Contractors are generally optimistic about the outlook for nonresidential and multifamily construction in 2024, but optimism is less widespread than a year ago, based on the 2024 AGC-Sage Construction Hiring and Business Outlook Survey, which AGC released on Thursday. The survey included 1,293 responses submitted November 9-December 8. Respondents were asked whether the dollar value of projects they compete for would be higher or lower in 2024. The net reading (the percent of respondents expecting a higher dollar value less the percent expecting a lower value) was positive for 14 out of 17 project types. The broadest optimism was for water and sewer projects, with a net positive reading of 32 percentage points, followed by highway and bridge projects and transportation facilities, 30 each; federal agency work, 37; power, 25; hospital, 23; other health care (such as clinics, labs, and testing facilities), 22; data centers 20; K-12 schools, 18; higher education, manufacturing, and public building construction, 15 each; warehouse, 10; and multifamily, 4. Net readings were negative for lodging, -3; retail, -15, and office, -24. As in 2023, 69% of firms expect to add employees. But 55% of respondents expect doing so will be as hard or harder than in 2023.
Construction employment, seasonally adjusted, totaled 8,056,000 in December, a gain of 17,000 from November and 197,000 (2.5%) year-over-year (y/y), according to AGC’s analysis of data the Bureau of Labor Statistics (BLS) posted today. The y/y growth rate outpaced the 1.7% increase in total nonfarm payroll employment. Residential construction employment (at residential building and specialty contractors) rose by 5,500 in November and 40,100 (1.2%) y/y. Nonresidential construction employment (at building, specialty trade, and heavy and civil engineering construction firms) increased by for the month and 11,900 (3.4%) y/y. Seasonally adjusted average hourly earnings for production and nonsupervisory employees in construction (craft and office) rose 5.1% y/y to $34.92 per hour. This “wage premium” for nonsupervisory construction workers amounted to 18.7% over the private sector average of $29.42, still considerably below the average premium in 2000-2019 of 21.5%. There were 442,000 unemployed jobseekers with construction experience, not seasonally adjusted, and the unemployment rate for such workers was 4.4%, unchanged from a year ago.

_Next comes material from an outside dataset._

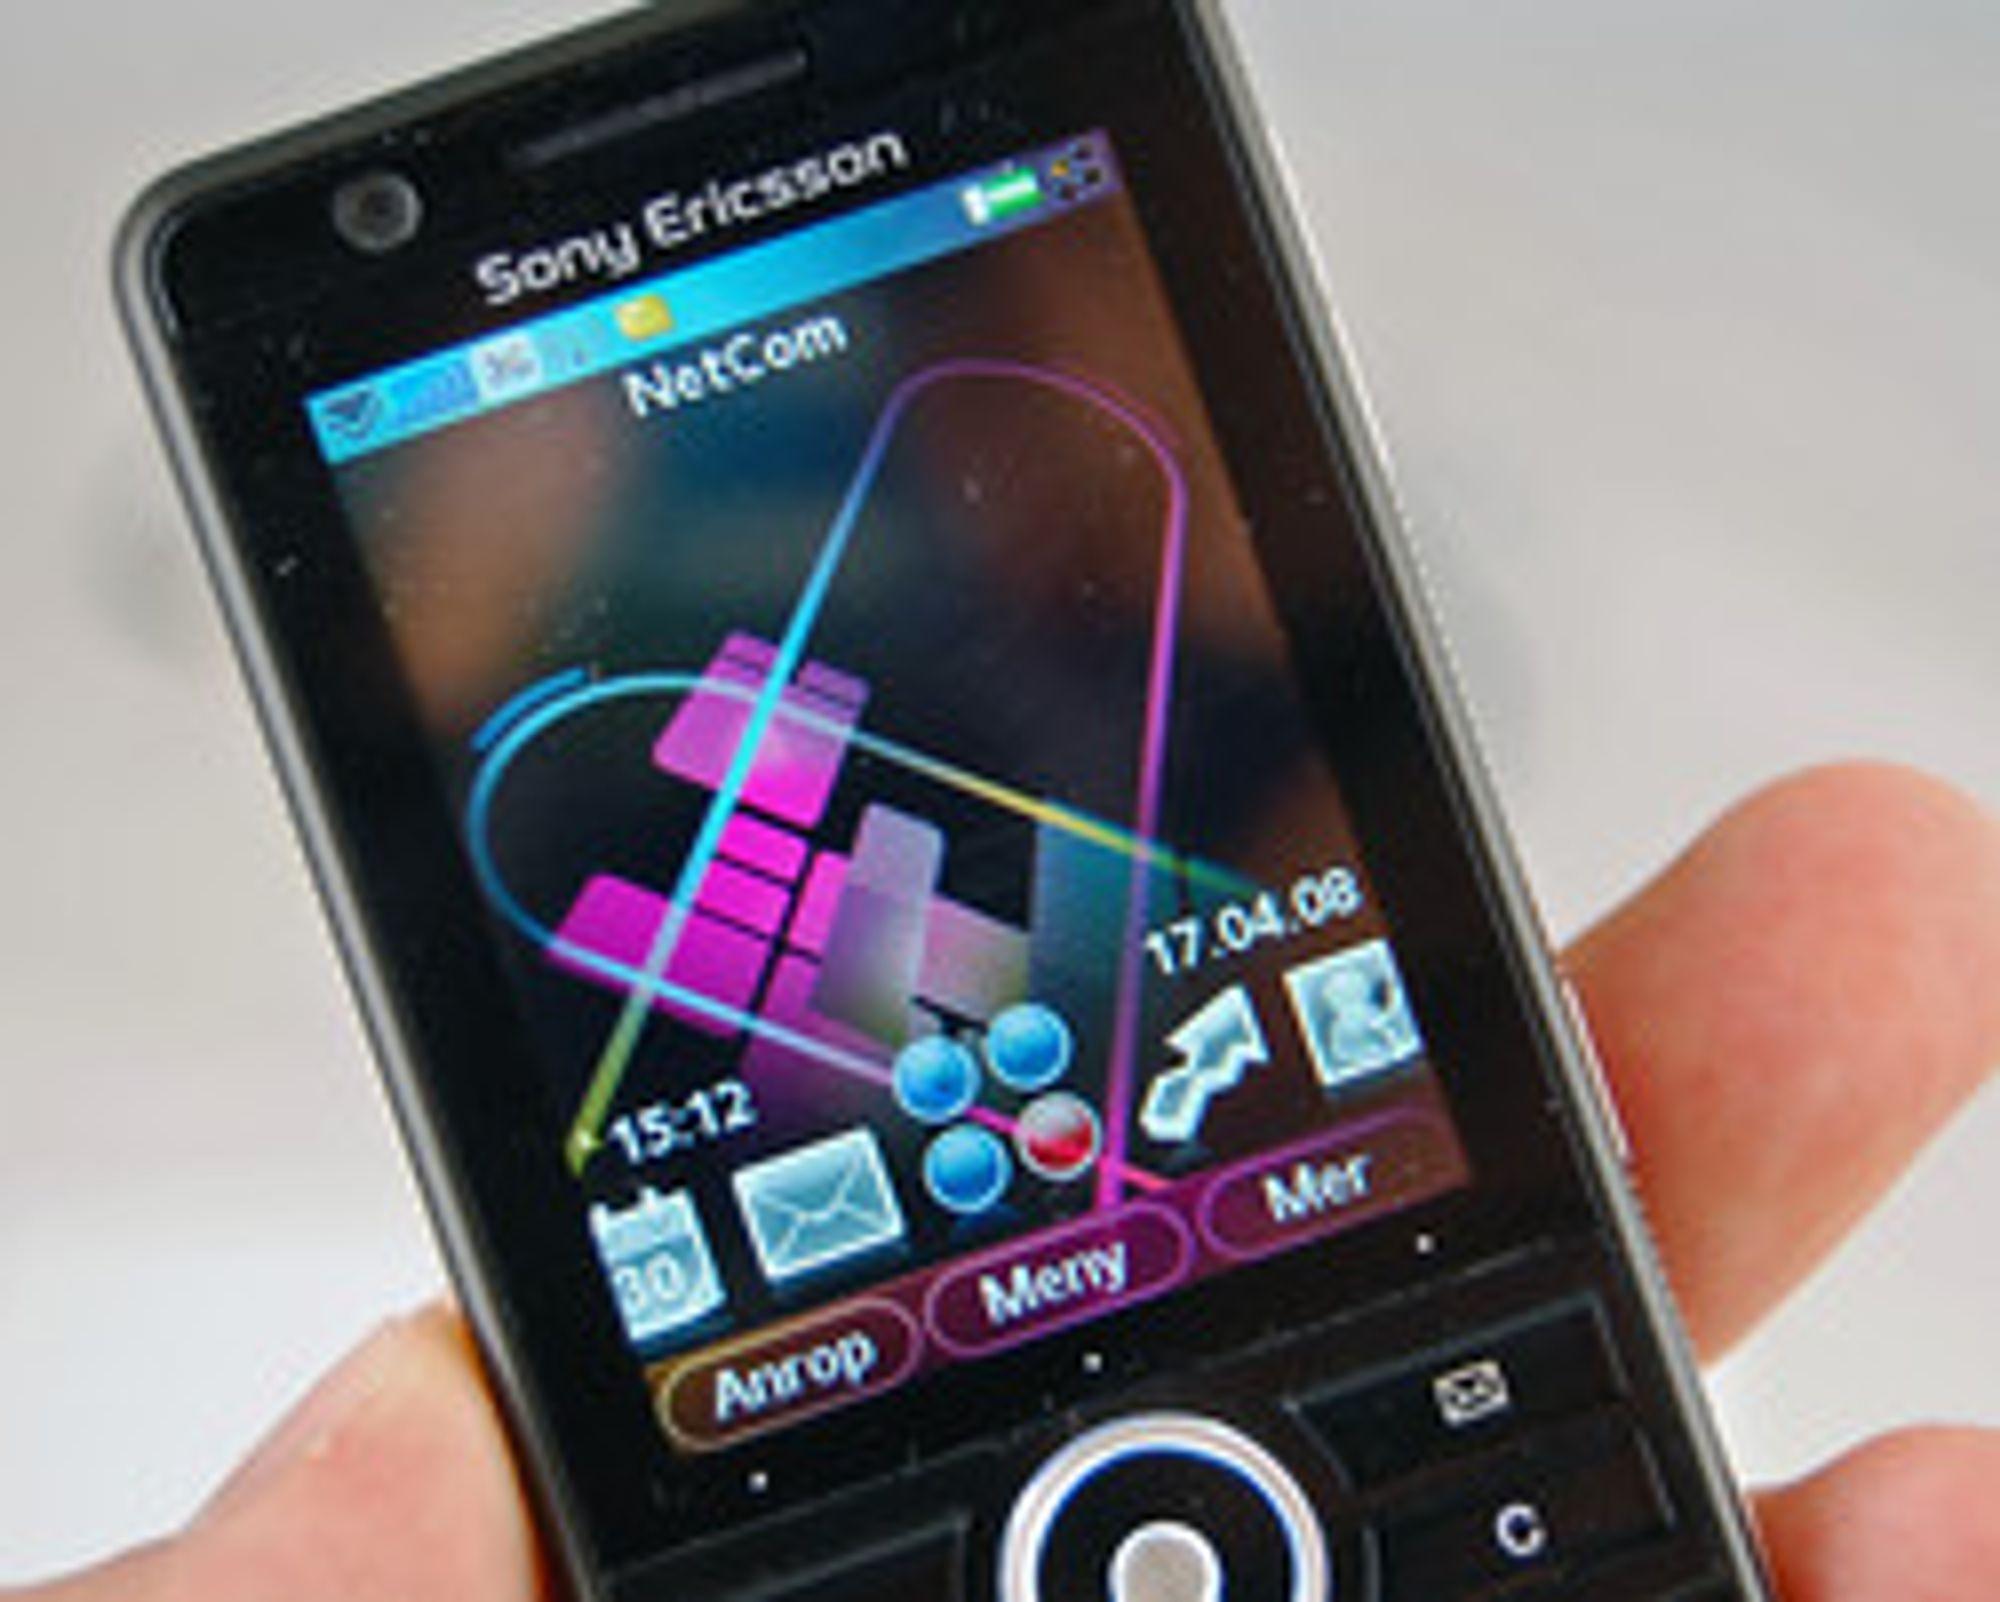 Sony Ericsson G900 var en av de siste UIQ-telefonene som ble lansert.

Construction spending (not adjusted for inflation) totaled $2.05 trillion in November at a seasonally adjusted annual rate, up 0.4% from the upwardly revised October rate and up 8.5% y/y, the Census Bureau reported on Tuesday. However, without a deflator, it is impossible to say how much of the y/y gain is in units vs. price. Private residential construction decreased for the seventh-straight month, by 1.1%, with single-family homebuilding up 2.9%, multifamily construction spending up 0.1%, and owner-occupied improvements down 0.8%. Private nonresidential construction spending rose 0.2%. The largest private nonresidential segment—manufacturing construction—rose 0.5% (including computer/electronic/electrical, up 3.2%, and chemical and pharmaceutical, down 2.0%). Commercial construction was flat (consisting of warehouse, down 4.6%; retail, up 0.1%; and farm, up 4.6%). Power rose 1.2% (with electric power up 0.6% and oil and gas field structures and pipelines up 1.5%). Private office and data center construction was flat. Public construction spending fell 2.2, with highway and street construction up 0.1% and public education down 0.3%.
There were 390,000 job openings in construction, not seasonally adjusted, at the end of November, an increase of 121,000 (38%) y/y and the largest November total in the 23-year history of the data, the BLS reported on Wednesday. Openings topped the 271,000 hires during the entire month, suggesting contractors wanted to hire twice as many workers.
Construction employment, not seasonally adjusted, rose y/y from November 2022 in 213 (59%) of the 358 metro areas (including divisions of larger metros) for which BLS posts construction employment data, fell in 81 (23%), and was unchanged in 64, according to an analysis AGC released on Wednesday. (AGC treats as construction-only the totals for metros in which BLS reports only combined totals for mining, logging, and construction.) The Dallas-Plano-Irving division added the most jobs (12,500 combined jobs, 7%), followed by New York City (9,900 combined jobs, 7%). The largest percentage gain again occurred in Baton Rouge, La. (9,400 construction jobs, 19%), followed by Tulsa, Okla. (16%, 4,000 construction jobs). The largest number and percentage of losses occurred in the Orange-Rockland-Westchester, N.Y. division (-5,100 combined jobs, -11%).